Websites and APIs on Render are unavailable due to Cloudflare network errors (opens in new tab)

(status.render.com)

95 pointsbgoldste2y ago46 comments

46 comments

39 comments · 9 top-level

anurag2y ago· 13 in thread

--- edit ---

Everything is back up. We're waiting for Cloudflare's RCA and will follow up with additional Render context right after.

------------

(Render CEO) While Cloudflare investigates the issue on their end, we're also working on ways to bypass Cloudflare.

Really sorry about this, folks. We'll keep https://status.render.com updated and will post an RCA once things calm down.

Cloudflare have declared an incident at https://www.cloudflarestatus.com/incidents/2xffnv666yd7.

In case you're wondering, we use Cloudflare to keep Render's network up during DDoS attacks. Both Render and our customers are often targeted. We've already started building a product that lets customers bypass Cloudflare altogether, and I expect we'll see more demand for it after today's incident.

jumploops2y ago

Thanks for the response anurag.

We really like Render but are running into issues with Cloudflare blocking requests that are incorrectly flagged as malicious (our service passes code blocks over HTTP, similar to Replit).

Not to mention our site was down for way too long this evening…

We’d consider staying if we can bypass Cloudflare altogether. Render has been stable otherwise.

supriyo-biswas2y ago

As a quick workaround, try base64 encoding your payloads.

1 more reply

anurag2y ago

Send me an email (address in profile) if you'd like alpha access to this feature.

1 more reply

reustle2y ago

> We've already started building a product that lets customers bypass Cloudflare altogether

Really happy to hear this. Thank you.

EspressoGPT2y ago

Thanks for the transparency here!

TekMol2y ago

Why are DDoS attacks a thing?

Who spends resources (money?) on running those? What is the incentive?

belter2y ago

They don't spend that many resources. Most participants in DDoS attacks are sometimes innocently recruited victims. Either victim of their own ignorance or victim of developers lack of care for secure defaults. In other words, some software product is deployed where it should not be...Then....The people and/or AI's who want to run these attacks, explore standard protocol behavior.
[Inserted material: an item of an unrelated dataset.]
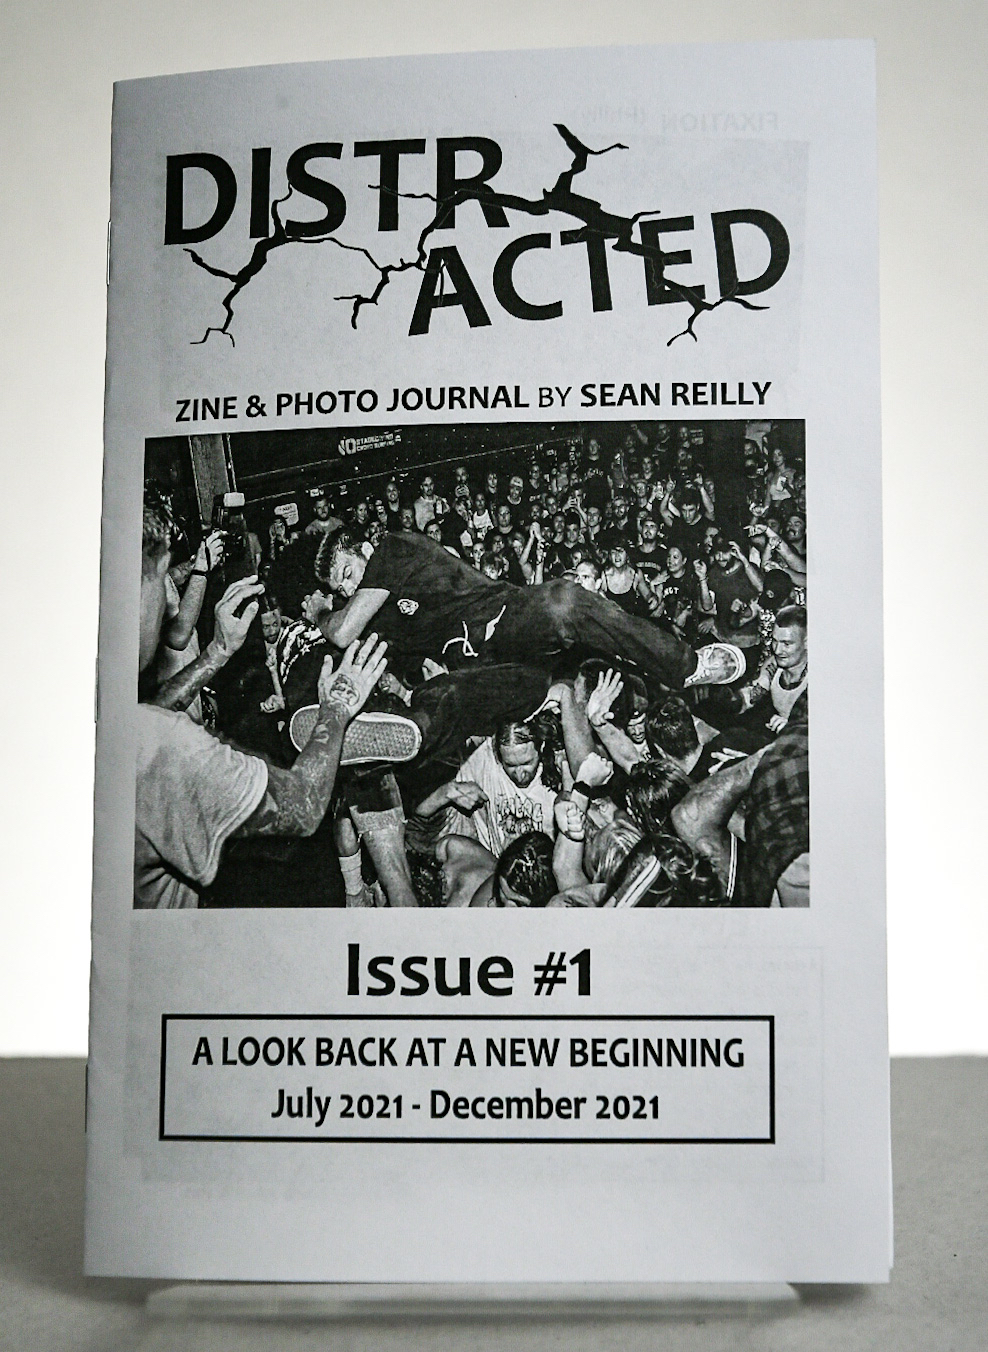 Distracted - Issue #1 Zine

"Memcrashed - Major amplification attacks from UDP port 11211" - https://blog.cloudflare.com/memcrashed-major-amplification-a...

bombcar2y ago

DDoS attacks basically are still a thing because there's nobody really incentivized to solve it.

The people harmed by them are too small to fix it, and the people big enough make more money selling DDoS mitigation.

From what I understand you can avoid many DDoS just by going IPv6 only, because DDoS mainly depends on unpatched shitmachines from the old days.

1 more reply

maccard2y ago

> Who spends resources (money?) on running those?

A raspberry pi can generate enough traffic to overload an otherwise unprotected service. It doesn't cost much, if anything to launch a brute force attack.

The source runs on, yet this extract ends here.